As usual you are trying to change the point of the discussion. Of course the manipulation occurs for a reason, otherwise it would not be manipulation would it. That was not my point however.
You said candles were useless because they could be manipulated. I responded, that the logical follow on to your argument was that if the method / instrument could be manipulated then it was useless, and that this would have to also to apply to DOM. Simple logic.
Of course, your argument does not hold up in either case . Neither are useless. Again, to be clear, I never said that DOM was useless because it could be manipulated.
Thus far, all of your posts on this threads are attacks on me. You have failed to actually come up with any defence of your TA or attacks on my assertion that it is not enough. I have detailed various ways DOM/T&S can be interpreted and how that can give a chart only trader a skewed view.
No - they are not attacks on you . They are responses to your ridiculous assertions that charts / TA / candles don't work and nobody is profitable from their use.
At the end of the day though, you have brought into a faith.

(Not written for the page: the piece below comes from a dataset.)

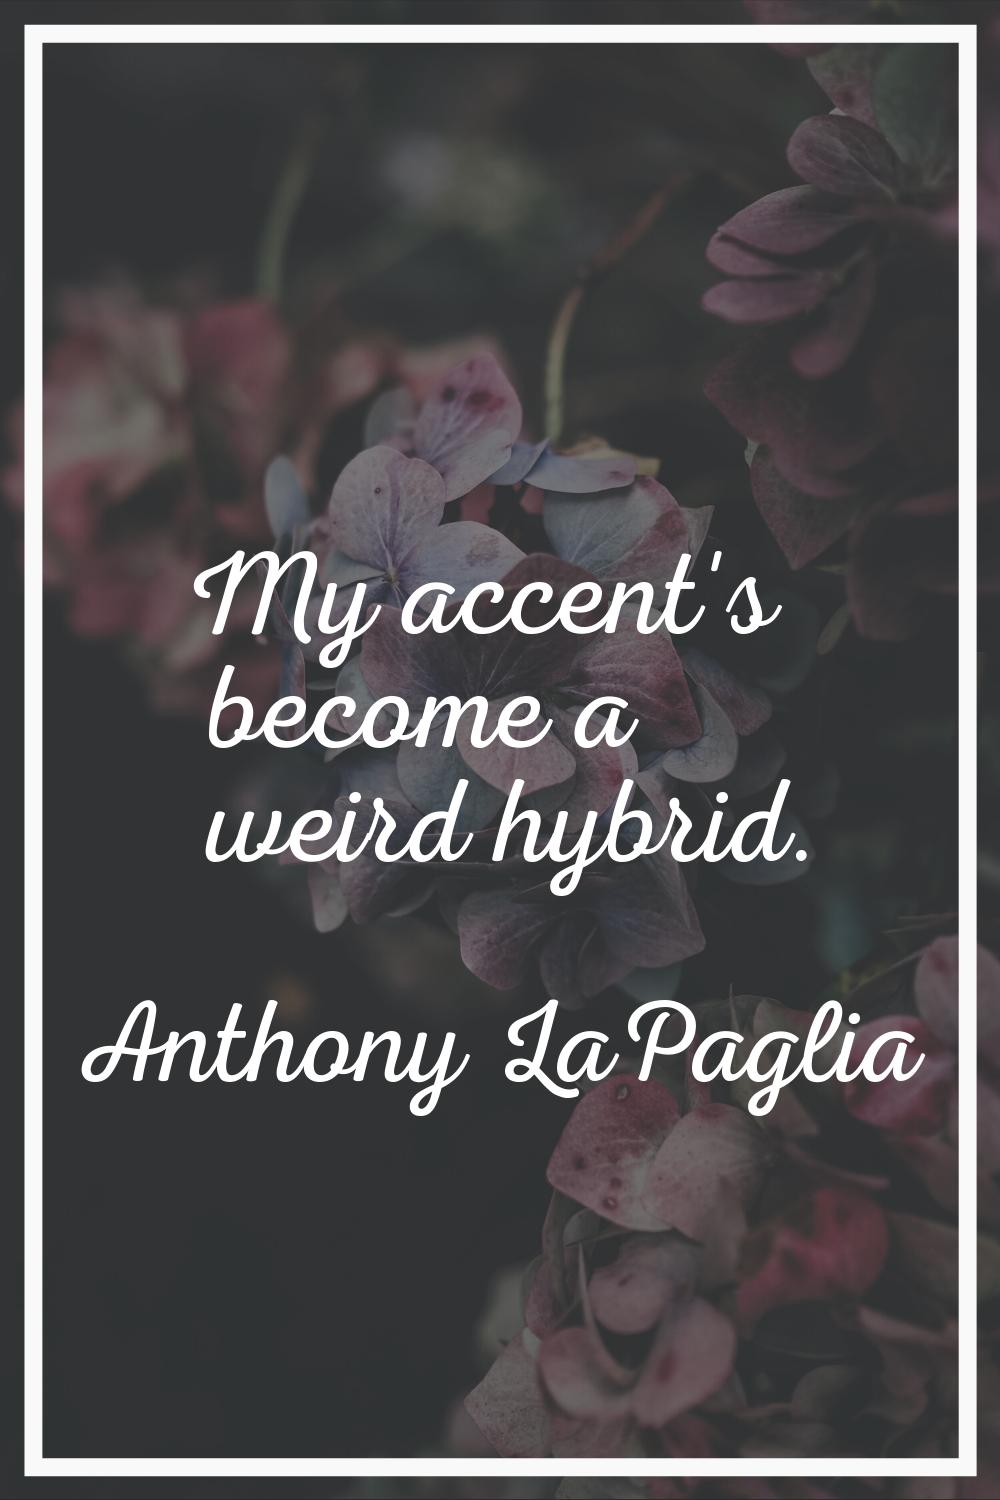 My accent's become a weird hybrid.

There ARE a lot of books on TA as books make more money than TA does. There are a lot of bibles too and a lot of Korans, in fact thousands of books on all kinds of religions. By your measure the sheer quantity of books/preachers means they must all be right. I think you need to get the Mullahs and the priests together and work on world peace.

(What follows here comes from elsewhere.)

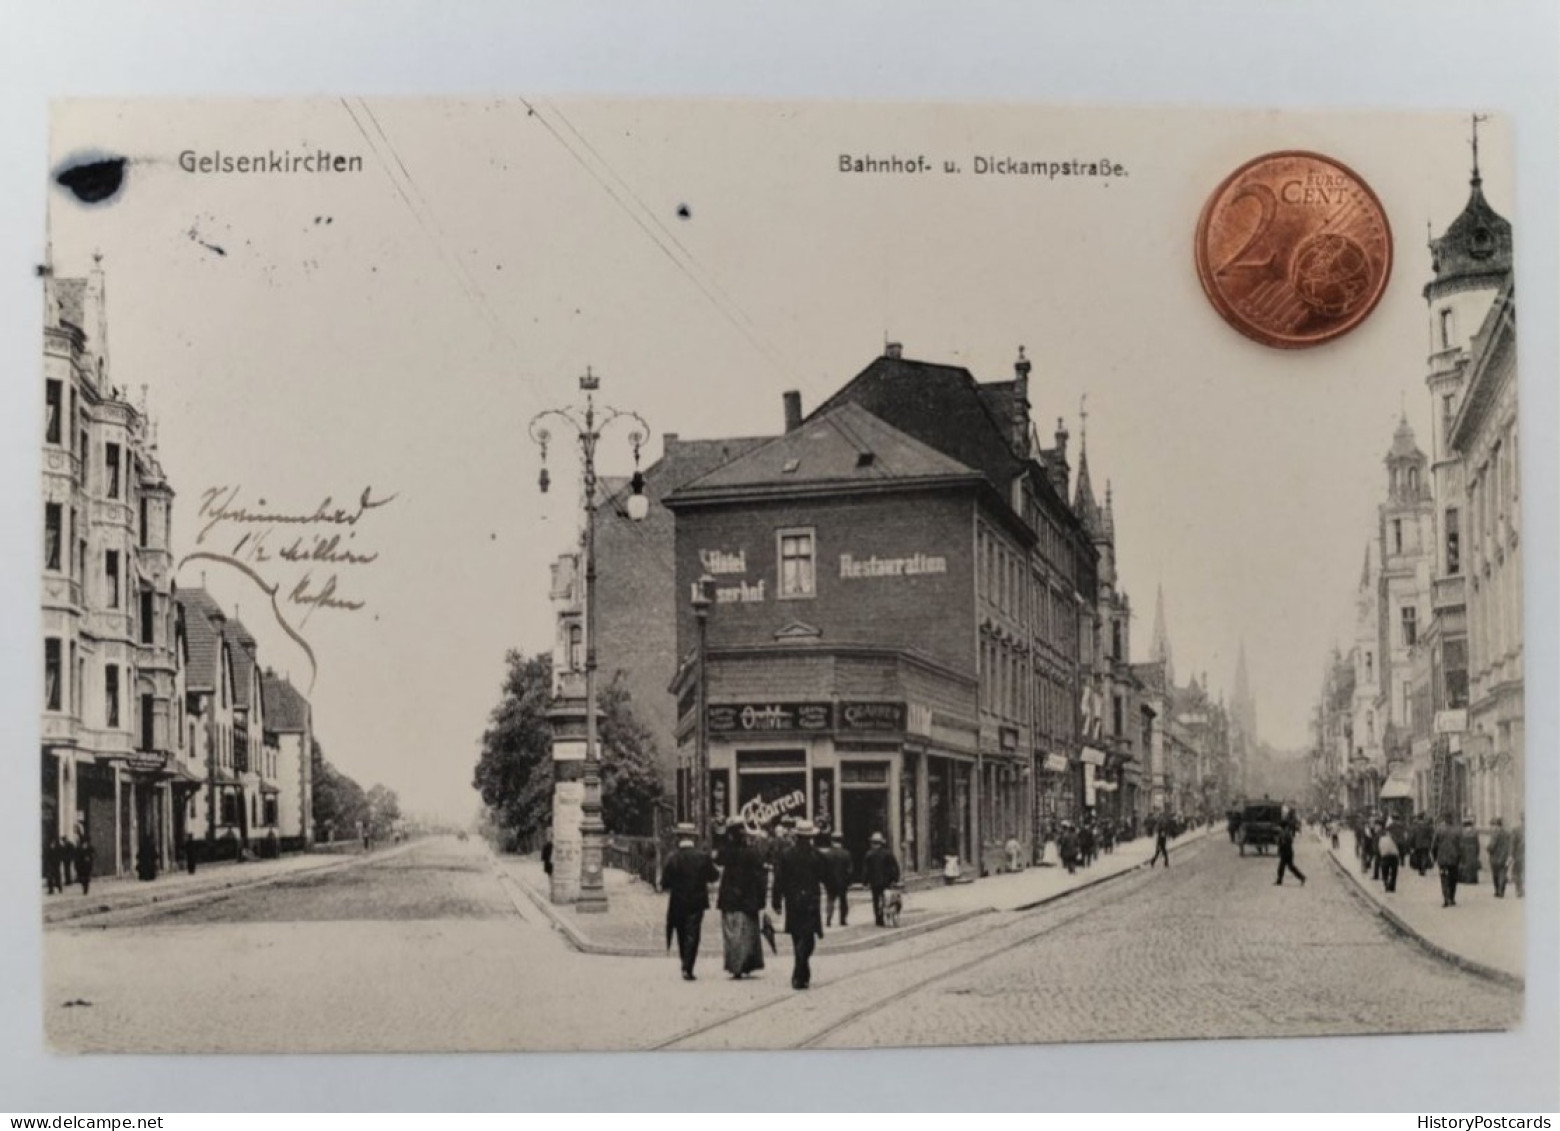 Gelsenkirchen, Bahnhof-u. Dickampstraße, Hotel Kaiserhof, 1905 - Gelsenkirchen

Ehh, I hate to break it to you buddy but there is only one Koran and one Bible. Maybe, just like you have "the skills to review the huge domain of TA which nobody on this planet has managed to do" (paraphrasing I know ), you have some secret religious knowledge of all of these thousands of bibles and korans out there....maybe you are some kind of prophet...sent forth to cast the evil that is TA into the darkness....
You have mentioned posting a chart to "show me how to daytrade" but you backtracked on that and we both know why that is.
Again, I have to correct your usual misrepresentation of what has been posted already. I never said I would post a chart. I said that I could, but that I couldnt be arsed as I didn't want to show you how to daytrade..therefore no backtracking took place.......now, I could cut and paste the relevant quotes again, but I wont bother as its all there already in the thread for anyone to see.....
On the other hand, I have presented my reasoning & examples and for you I will provide yet another.
The implication being that I could not support my position with any examples. Again, simply not true. I gave you the example of your mentors system (Mr. Charts) , and I also gave an basic TA interpretation of a chart in post no. 126.
Again, your just making stuff up.
The breakout - TA Traders Trap
At the high of day, there are many games in play. We already know that the ES is a 'faders' markets and it like to put in reversals at high of day/low of day, pre-market high/pre-market low. This makes these areas prone to 'gaming'. You will often see false size on the ask to convince people that the time for a reversal is at hand. People will go short and then the size will flip to the bid, price will run through the high - often just a few ticks and take out people's stops. Whilst showing size on the ask, the flipper will be buying. When he pushed price through the high and gets out, he knows he has 2 types of TA traders buying his shares. These are the new shorts getting out and the breakout traders getting in.
At this point, the 'flipper' will quite possibly be done with his 5000 contract trade and retire to the humidor.
This will be repeated a few times, which is why, even though it's a faders market, you will see the ES pierce it's high/low 2 or 3 times before turning around and going for the high/low on the opposite end of the range. Look at a chart, it is there.
So you accept that this type of activity shows up on a chart....you state that TA traders get caught out here....not entirely true, as mainly inexperienced TA traders with no knowledge of the market would be more likely to get caught out.
Failed break-outs / range reversals are one of the most common and simple TA set-ups.....I'm not going to go into all the detail here, but PozzyP has a good thread setting out this approach.....so again no point in reinventing the wheel...
Now, don't get me wrong (or misrepresent me), everyone knows that tape reading / DOM, can be an effective tool in playing the type of action you described above....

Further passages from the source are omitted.